La plus forte augmentation de l’année est celle du Japon, où la proportion de femmes au Parlement est passée de 7,9 pour cent en 2012, à 9,5 pour cent en 2014. L’Inde a elle aussi enregistré des augmentations mineures dans les deux chambres, même si la proportion globale de femmes y demeure très faible.
L’Europe, progression stable – En 20 ans, l’Europe a progressé de 11,8 points, pour passer de 13,2 pour cent à 25 pour cent en 2015 et se classer deuxième, derrière les Amériques.
En 1995, cinq pays comptaient plus de 30 pour cent de femmes parmi les parlementaires et un en comptait plus de 40 pour cent. Depuis, l’Europe a enregistré une augmentation remarquable puisque 17 pays européens ont désormais plus de 30 pour cent de femmes au Parlement, que cinq en ont plus de 40 pour cent, et qu’un pays, Andorre, a même atteint la parité parfaite avec 50 pour cent de femmes.
La Finlande et la Suède figurent avec Andorre parmi les pays les mieux placés en Europe, la Suède ayant systématiquement élu plus de 40 pour cent de femmes au Parlement depuis 1994.
L’Islande qui était le seul pays nordique à compter moins de 30 pour cent de femmes en 1995 a fait des progrès notoires depuis avec une augmentation de 15,9 points depuis.
D’autres pays affichent des résultats remarquables : l’Espagne, la France, le Portugal et l’Italie, où l’augmentation du nombre de femmes parlementaires varie entre 15,9 et 25,1 points et, ce, grâce à l’instauration de quotas dans la législation.
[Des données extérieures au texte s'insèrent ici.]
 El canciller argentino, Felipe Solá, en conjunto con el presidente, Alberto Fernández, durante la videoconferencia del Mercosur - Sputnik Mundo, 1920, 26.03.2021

Le seul pays d’Europe à compter moins de femmes parlementaires en 2015 qu’en 1995 est la Hongrie, où elles sont en recul de 1,3 point.
Si la moyenne est plus faible en Europe de l’Est qu’en Europe de l’Ouest, principalement en raison de l’impopularité des quotas qui sont perçus comme des vestiges des anciens régimes, les pays des Balkans font exception. La Slovénie, la Serbie et l’ex-République yougoslave de Macédoine comptent en effet toutes plus de 30 pour cent de femmes au Parlement grâce à l’adoption de quotas et la sous-région a d’ailleurs enregistré une des progressions les plus fortes parmi les pays d’Europe en 2014.
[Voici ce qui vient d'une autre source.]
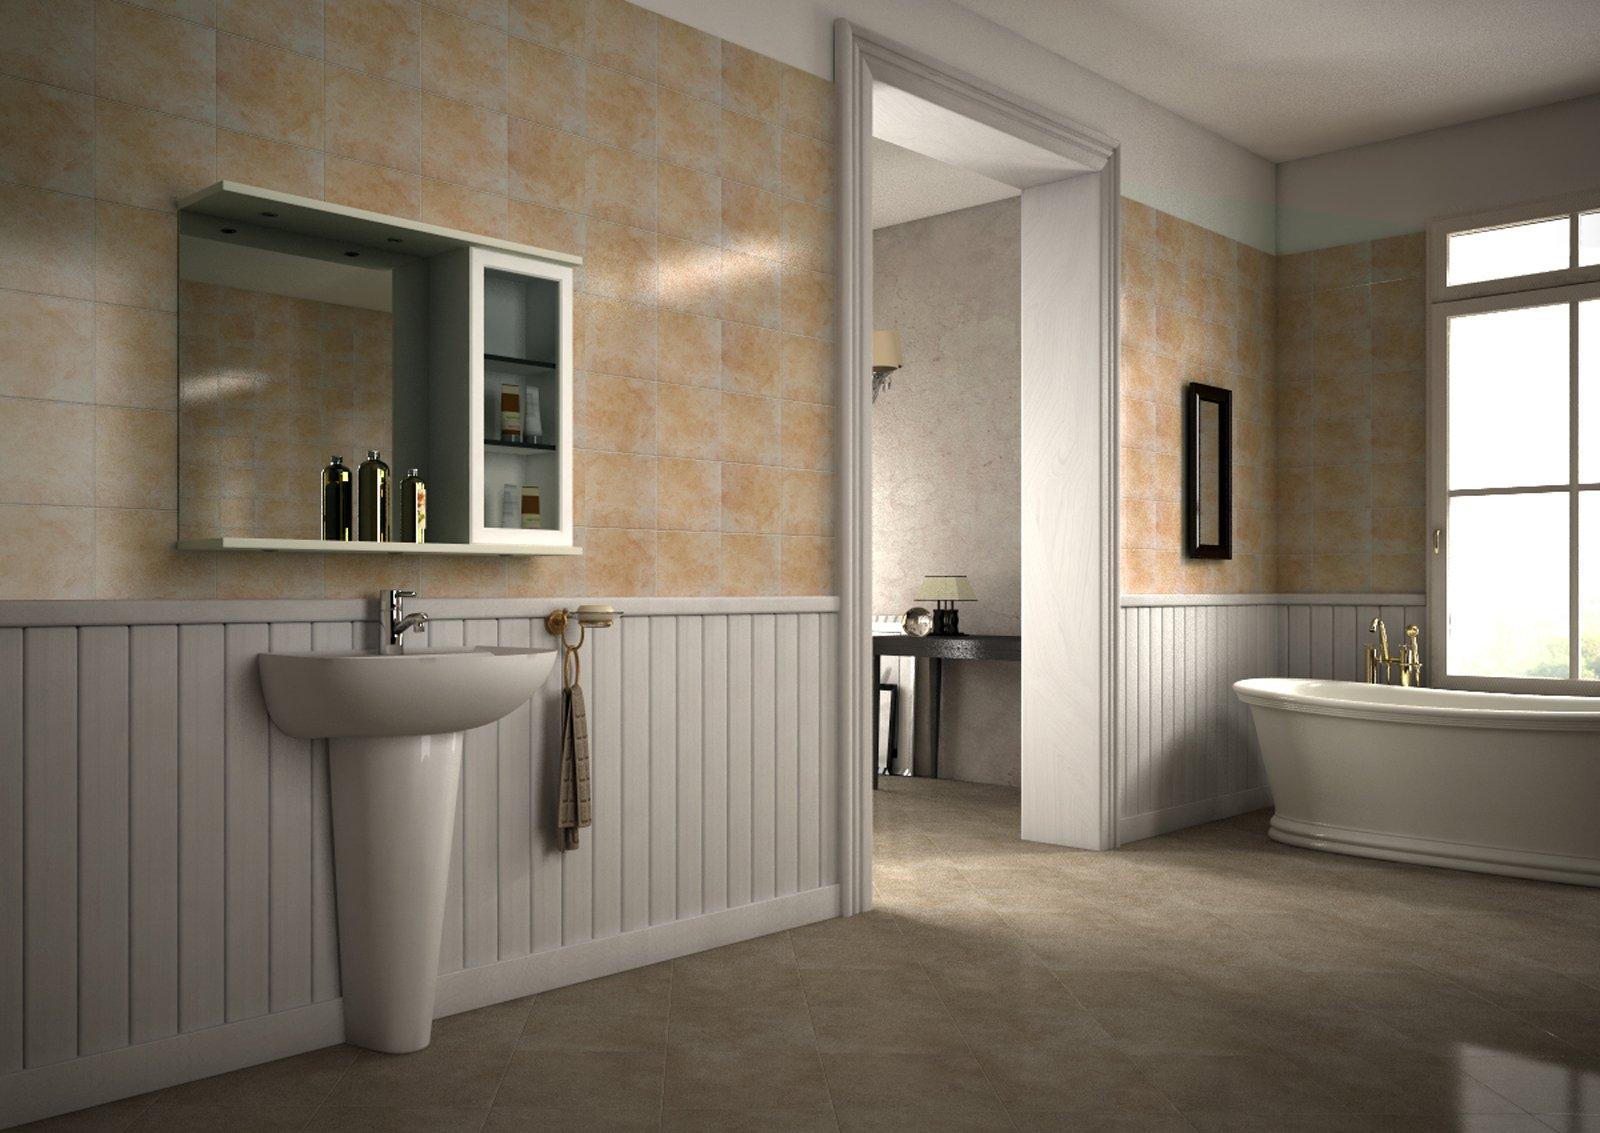 Rinnovare il bagno senza togliere le piastrelle risparmiando anche tempo cose di casa - Pannelli per coprire piastrelle bagno ...
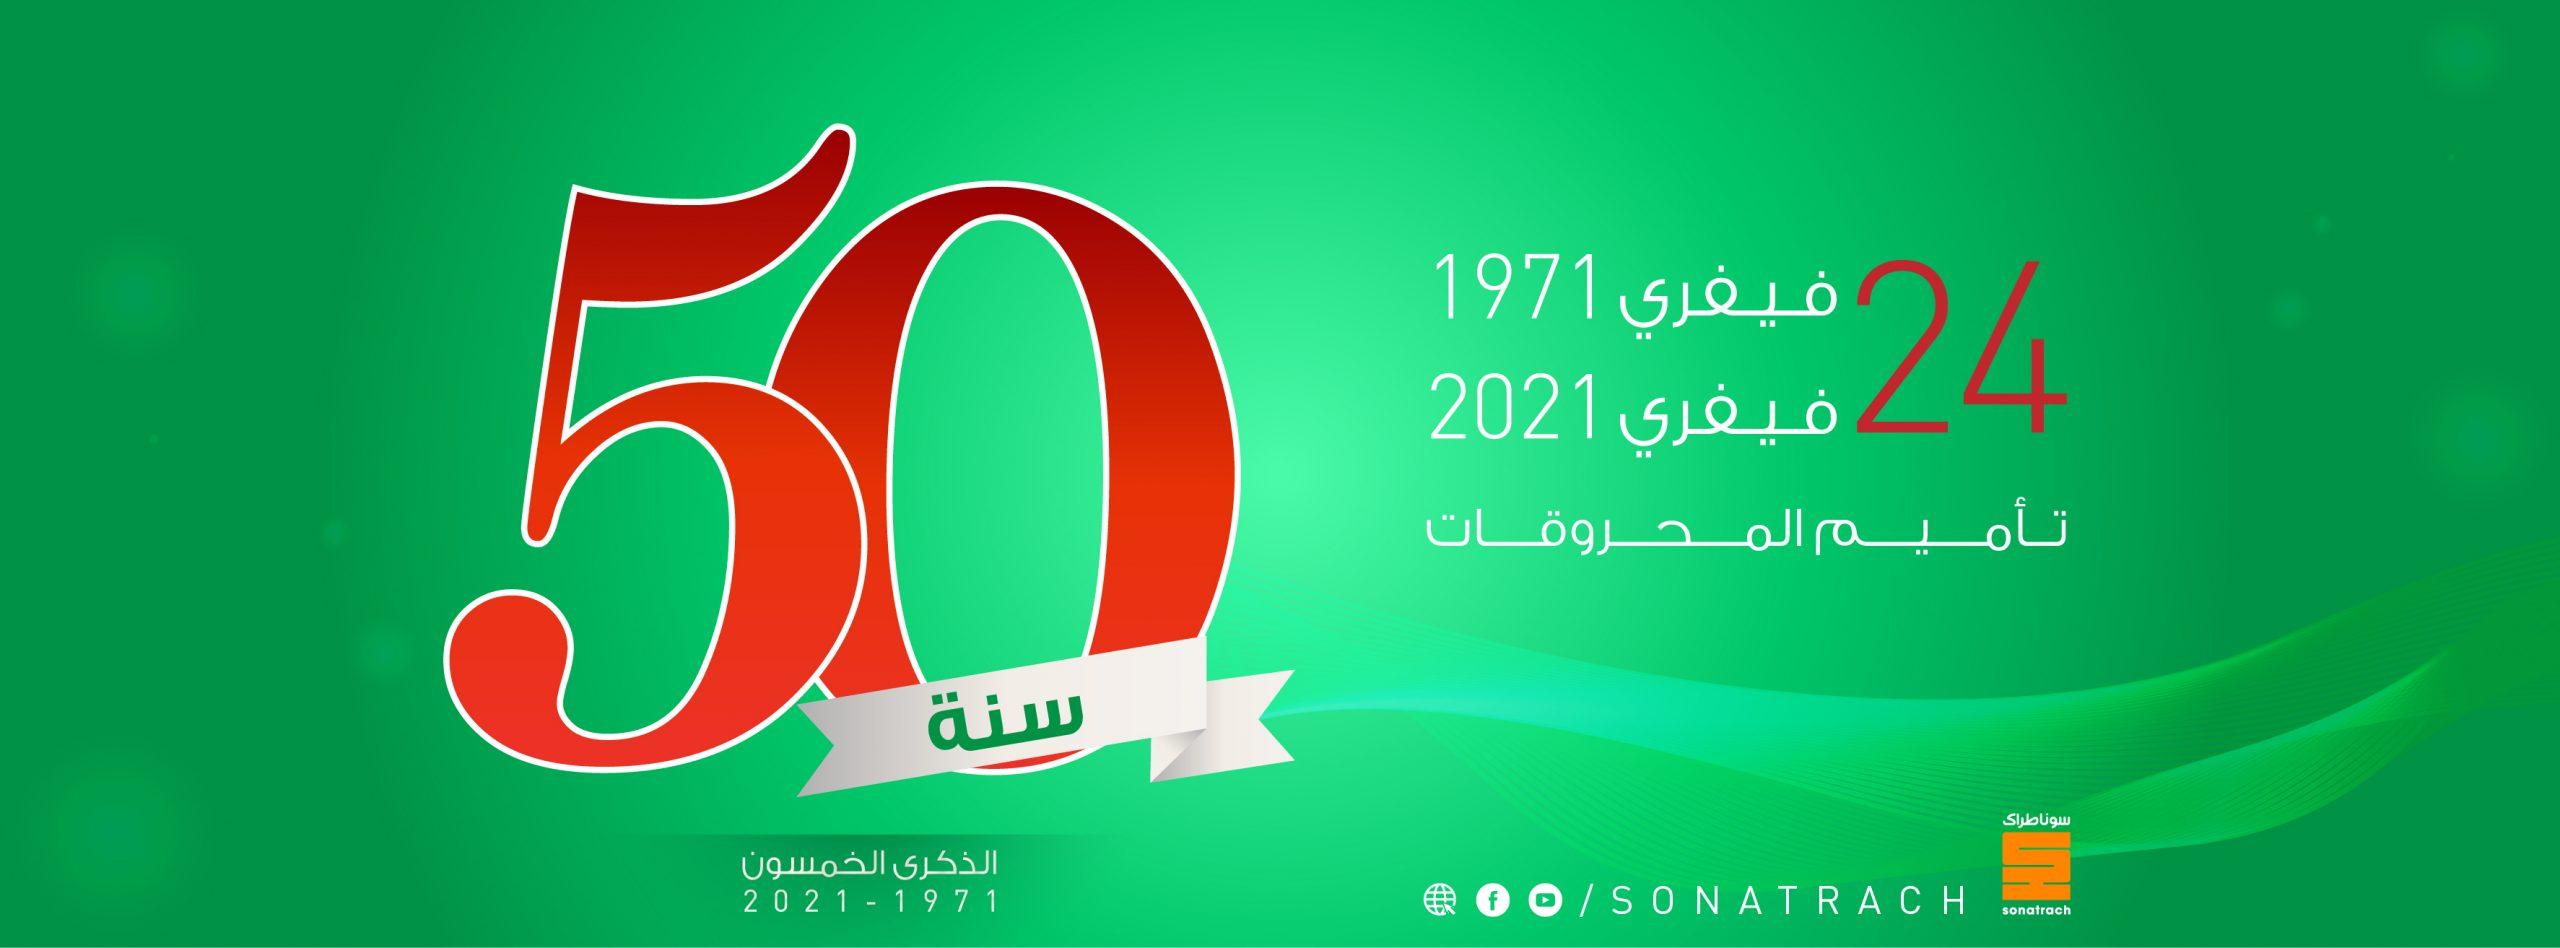 https://www.dzairdaily.com/algerie-ait-ali-annonce-projet-bus-electriques-autofinance/

Le Pacifique, résistant au changement – En 2015, le Pacifique continue à afficher la moyenne de femmes au Parlement la plus faible au monde. Depuis 1995, cette région a néanmoins connu une progression de 9,4 points, pour une proportion globale de 15,7 pour cent aujourd’hui, mais ce mieux est essentiellement le fait des améliorations observées en Australie et en Nouvelle-Zélande.
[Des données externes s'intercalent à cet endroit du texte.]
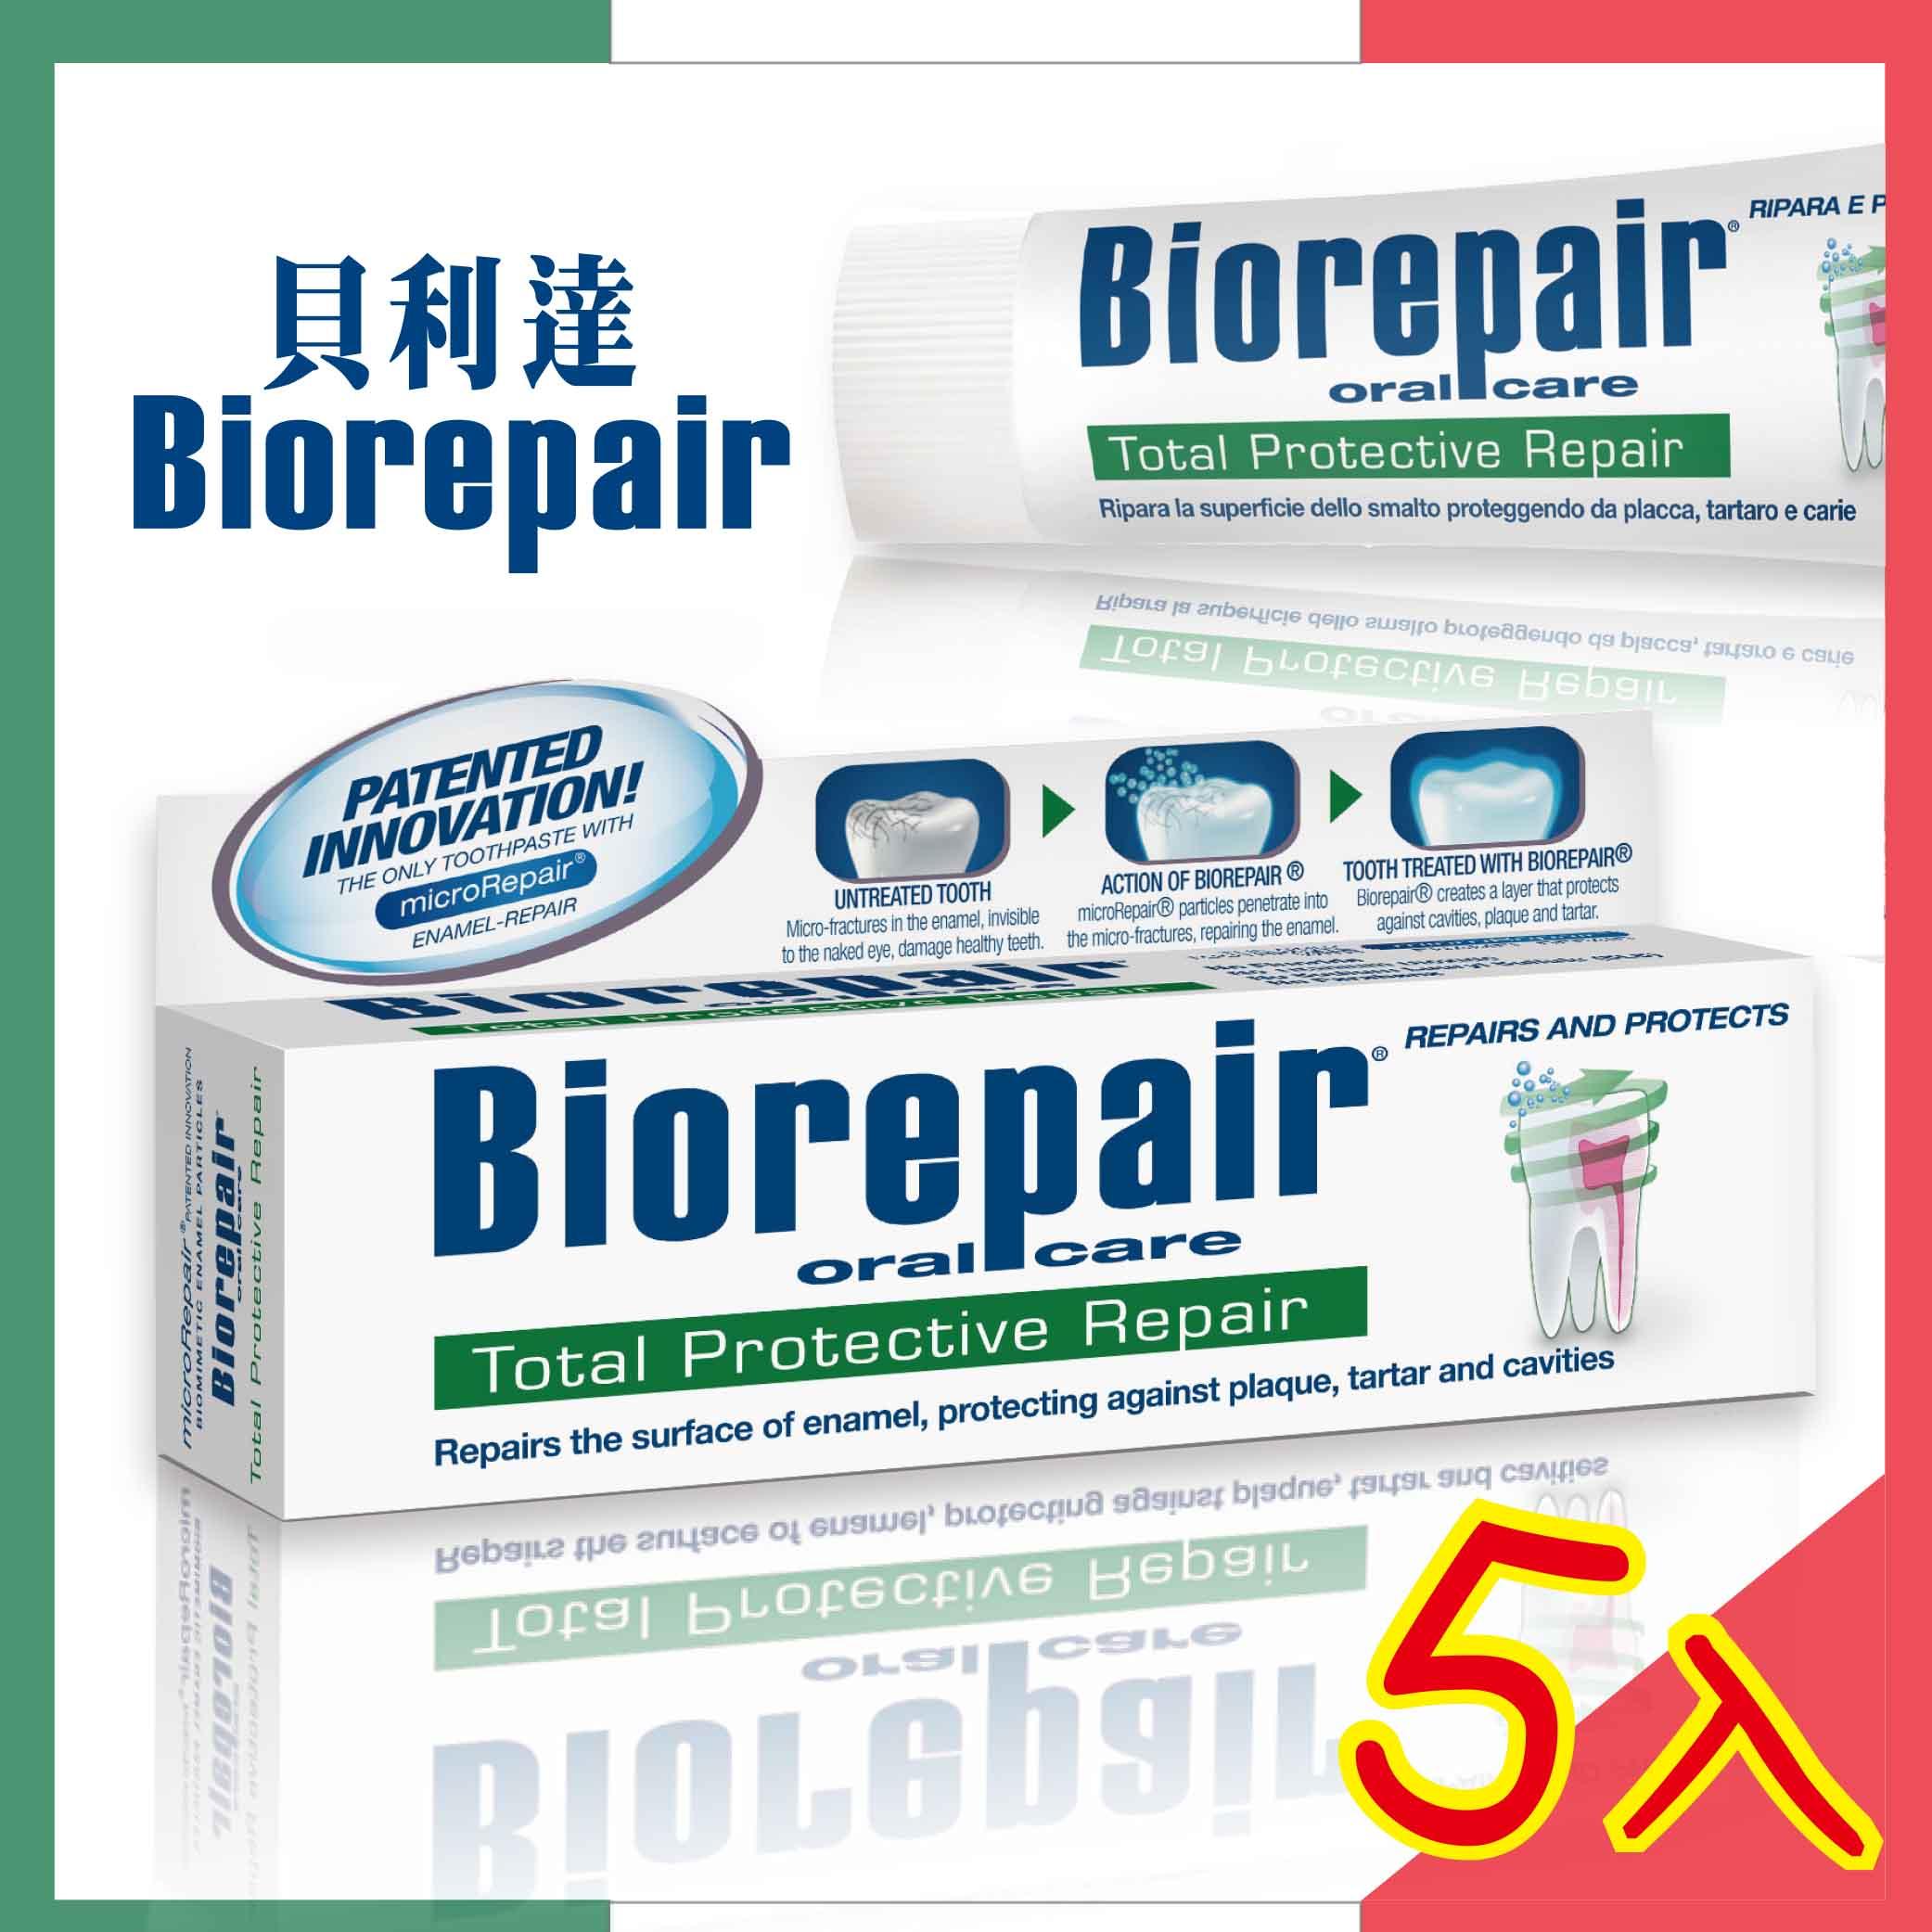 全效防護牙膏x5-75ml【貝利達】義大利原裝進口 0

En 1995, pas un pays dans la région ne comptait plus de 30 pour cent de femmes au Parlement. En 2015, un seul pays, la Nouvelle-Zélande, peut se targuer d’avoir franchi ce seuil, avec 31,4 pour cent de femmes à la chambre basse. La chambre basse australienne a enregistré la plus forte augmentation avec 8,8 pour cent en 1995 et 26,7 pour cent en 2015.
En 1995, sur les 12 Etats insulaires de la région, 10 ne comptaient au mieux qu’une femme parlementaire. En 2015, ils ne sont plus que huit dans ce cas, les quatre autres comptant au moins trois femmes parlementaires, y compris la Papouasie-Nouvelle-Guinée, qui avait un parlement entièrement masculin en 1995.
Les Fidji sont celles qui affichent la plus forte proportion de femmes, avec 16 pour cent.
Enfin, si la Micronésie et les Palaos figurent sur la liste des pays dont les parlements n’avaient pas de femmes parlementaires en 1995 et n’en ont toujours pas en 2015, il y en a eu entre-temps aux Palaos et il y en a d’ailleurs encore à la chambre haute. La Micronésie, par contre, n’a jamais eu de femme parlementaire, et les Parlements des Tonga et du Vanuatu sont redevenus des institutions purement masculines en 2015.